Graphically, Space Siege is bland but impressive. The visual assets are fairly repetitive after 5 or so hours, but the game makes excellent use of lighting and shadows to create a dark ‘abandoned spaceship’ atmosphere that actually works quite well. Hopefully I won’t ruin the storyline too much by saying this but, in the later parts of the game, I got hints of a vibe much akin to System Shock 2. Those with PhysX support are treated with an excellent physics system that sends crates, bodies and gas canisters flying around with realism. You can tell GPG want to show it off as well – the Armstrong is littered (almost to the point of absurdity) with explosive barrels and gas canisters. I admit that it sucked me in though, as I couldn’t resist blowing up every single one I came across just to see the physics engine do its thing, even though it usually resulted in the death of either myself or HR-V.

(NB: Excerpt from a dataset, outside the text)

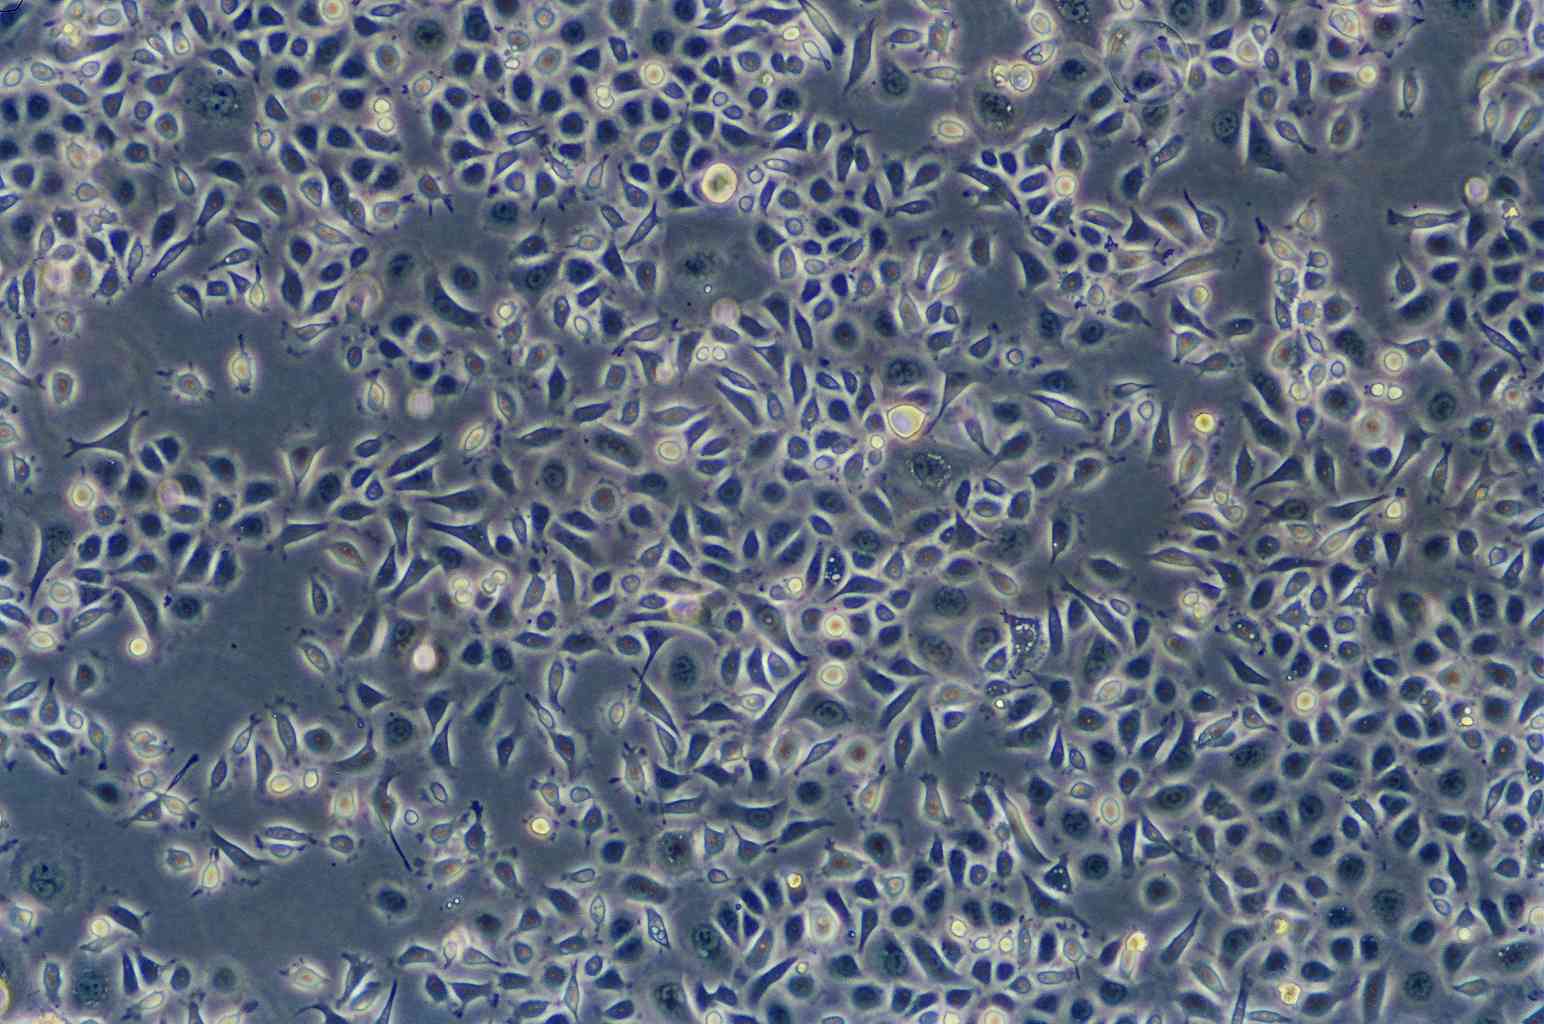 Vero 76 Cell:非洲绿猴肾细胞系

To its credit, the game features a multiplayer co-op mode. The industry is crying out for co-op games of late and it’s good to see Space Siege has included one. While it’s fairly light on story, it’s a decent way to spend a few hours with some friends. Unfortunately the single player campaign isn’t available to play through, but GPG have included a handful of individual missions that can be launched from a central multiplayer lobby. However, all cybernetic upgrades and weapons are available to you right from the start, so your interest may wane after you’ve completed the missions and maxed out your stats.

Overall, despite its flaws, Space Siege was a reasonably enjoyable (if generic) experience. There are three slightly different endings, but apart from those the game doesn’t really offer you much more on multiple play-throughs. Because the game is fairly linear and can be finished in around 10 hours, I’d wait until it drops to a bargain bin price to check it out.